You can turn off optimization when compiling a regular expression.

#define CARP_NOOPTIMIZE      0x00000001

By default, . (dot or period) matches any character except for a newline. Specifying CARP_DOTALL will cause dot to match any character.

#define CARP_DOTALL          0x00000002

Finally, if you want, you can get more debug information to stdout when compiling a regular expression by specifying this flag.

#ifdef CARP_DEBUG
#define CARP_DEBUGOUTPUT 0x10000000
#endif // CARP_DEBUG

CarpParse::CompileRegEx is how regular expressions get compiled into CarpRegEx's. Zero will be returned on error. s is the regular expression and sl is it's length. cf is zero or more of the flags described above. CompileRegExU takes a UTF8 string and CompileRegExW takes a UTF16 string.

class CarpParse
{
public:

    virtual CarpRegEx * CompileRegExU(CarpUCh * s, unsigned int sl,
            CarpError * ce, unsigned int cf) = 0;
    virtual CarpRegEx * CompileRegExW(CarpWCh * s, unsigned int sl,
            CarpError * ce, unsigned int cf) = 0;

CarpParse::EscapeLiteral is used to escape the individual characters in a literal string so that it will still be a literal regular expression. For example, if a.*b is passed in, it will be escaped to a\.\*b. Again, EscapeLiteralU is for UTF8 strings and EscapeLiteralW is for UTF16 strings.

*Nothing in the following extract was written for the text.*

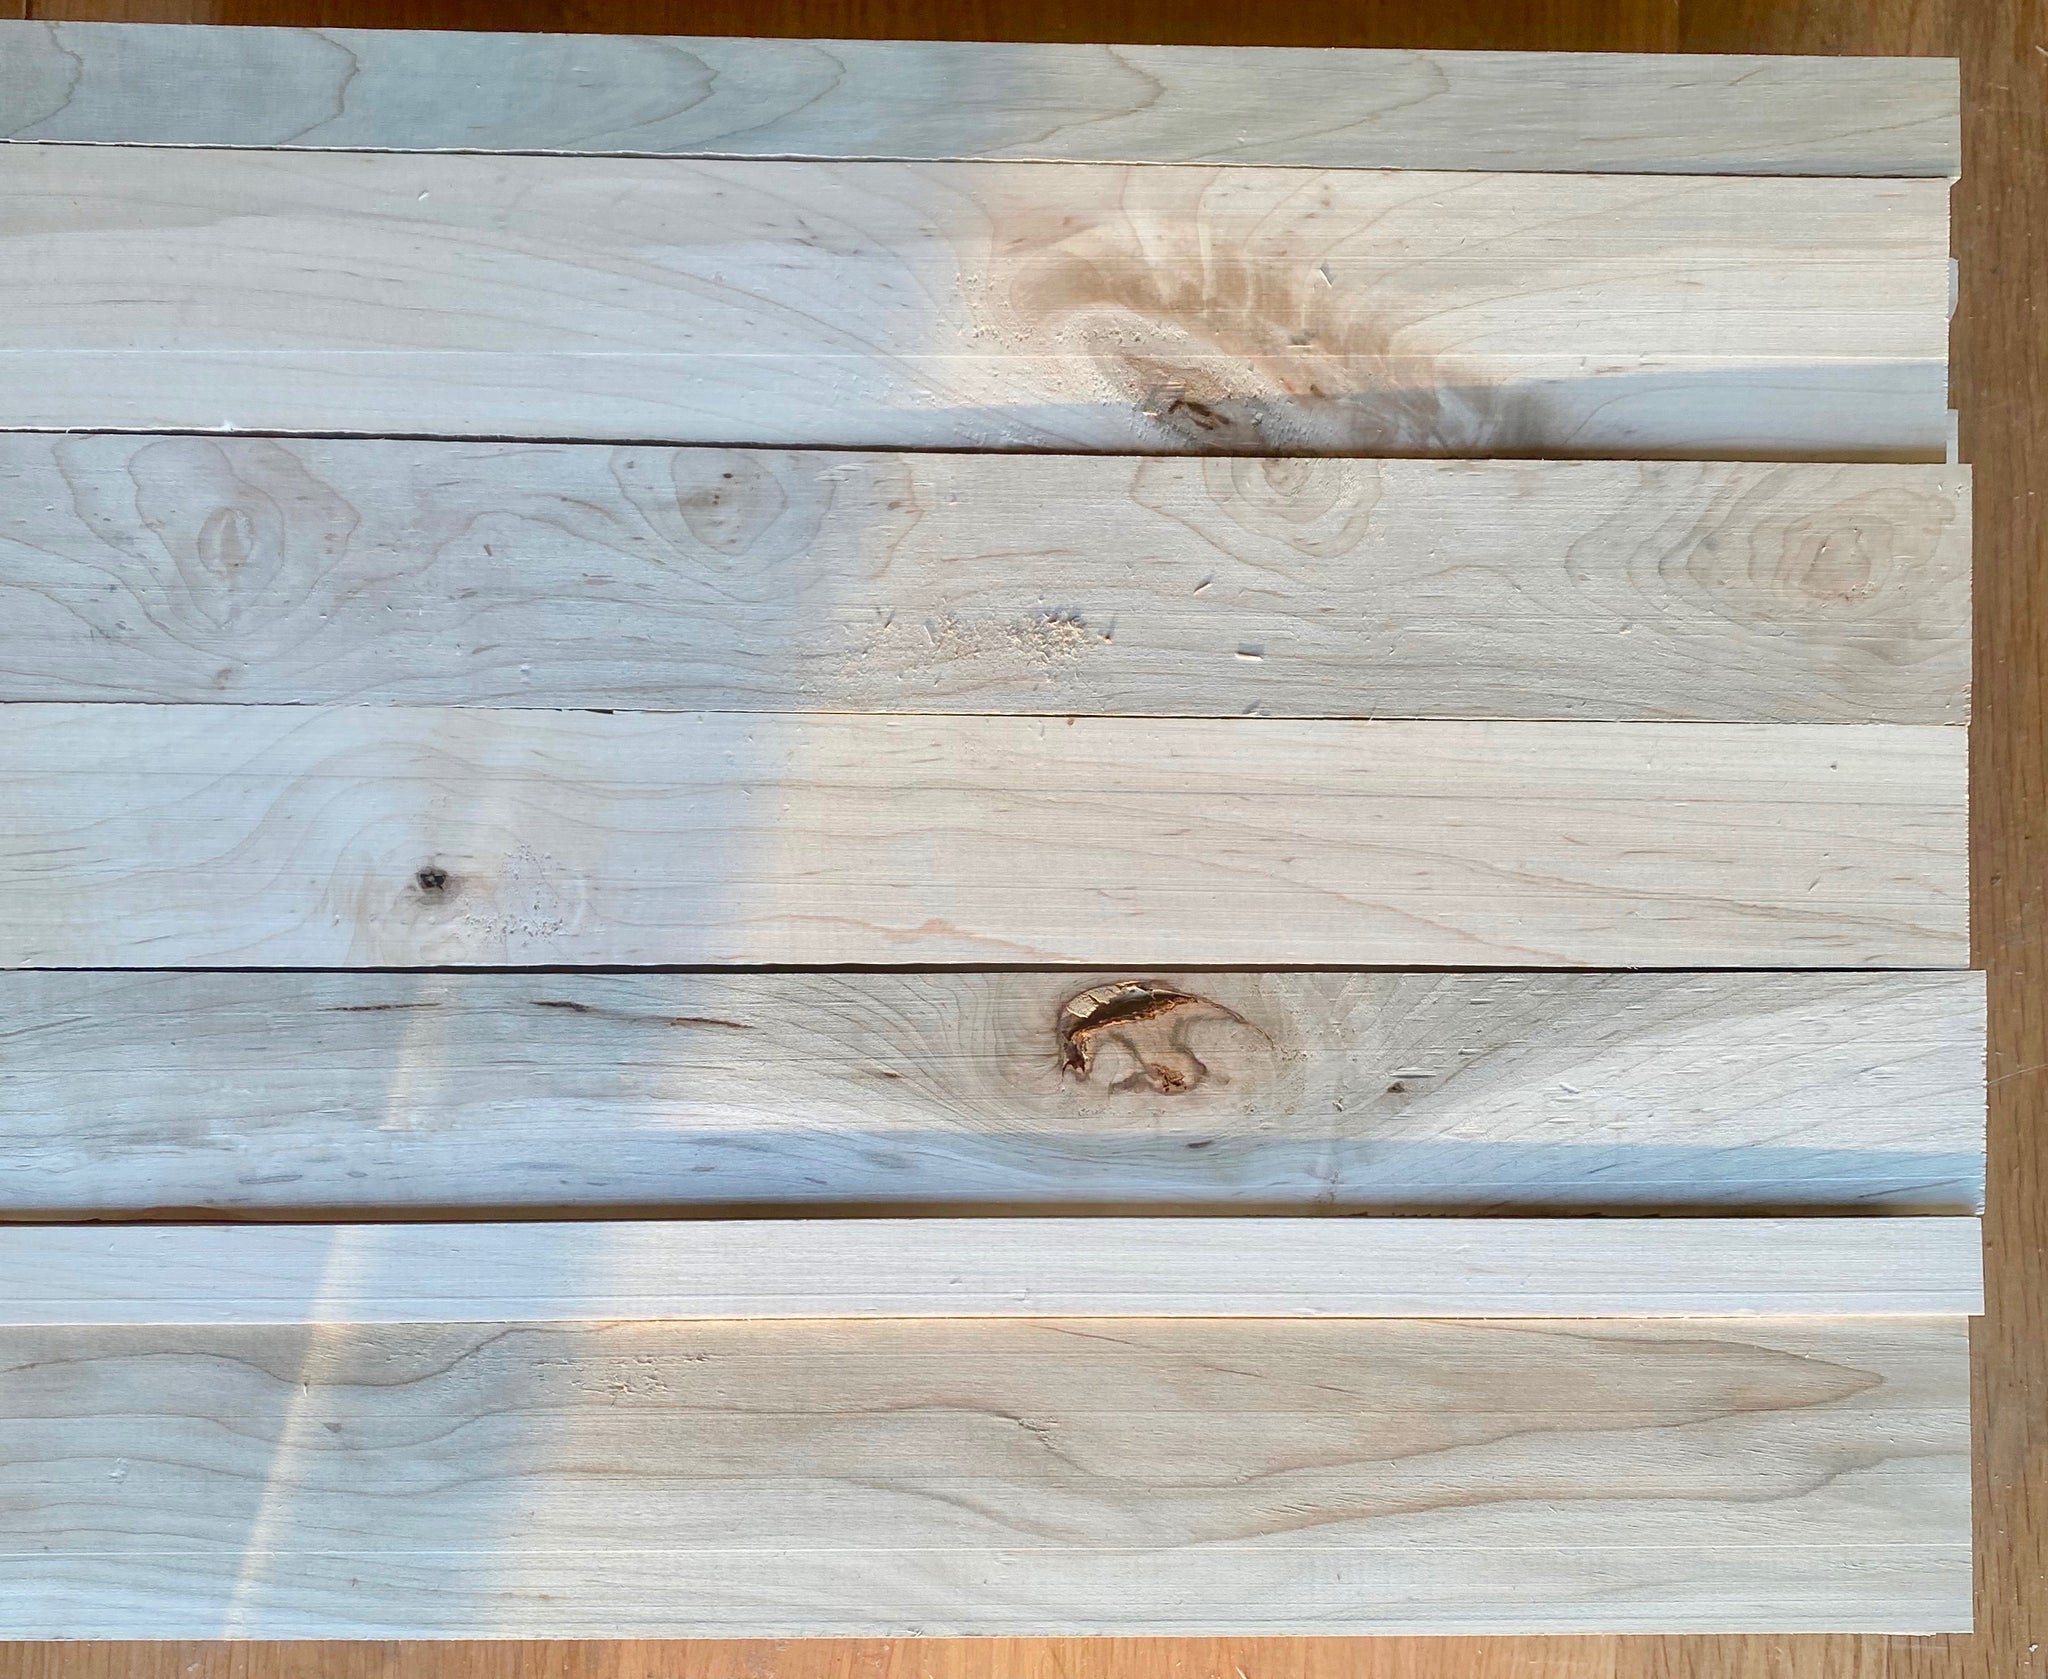  Woodchucks Wood Scrap Box of All Maple Pieces (SBCO-TINY-MAPLE)

s is the string to be escaped and sl is it's length. r is where the escaped string should be placed; it needs to be at least twice as large as s. The return value will be the length of the escaped string.

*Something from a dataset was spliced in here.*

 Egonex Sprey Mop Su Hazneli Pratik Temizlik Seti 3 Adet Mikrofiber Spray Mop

    virtual unsigned int EscapeLiteralU(CarpUCh * s, unsigned int sl,
            CarpUCh * r) = 0;
    virtual unsigned int EscapeLiteralW(CarpWCh * s, unsigned int sl,
            CarpWCh * r) = 0;
};

NewCarpParse is used to create a new parser. DeleteCarpParse is used to delete a parser once you are done with it and DeleteCarpRegEx is used to delete a compiled regular expression.

CarpParse * NewCarpParse(void);
void DeleteCarpParse(CarpParse * cp);
void DeleteCarpRegEx(CarpRegEx * cre);

CarpMatch is how matching is done against a regular expression. NewCarpMatch is used to create a CarpMatch object.

CarpMatch * NewCarpMatch(CarpRegEx * cre);
void DeleteCarpMatch(CarpMatch * cm);

Matching forward is done using CarpMatch::MatchForward and matching backward is done using CarpMatch::MatchBackward. For both methods, cs specifies the subject of the match, idx is where to start matching from, et specifies the eol type, and clf specifies if the match ignores case. If the match is successful, the return value is where the match occurred and ml is set to the length of the match. Otherwise, MATCH_FAILED will be returned.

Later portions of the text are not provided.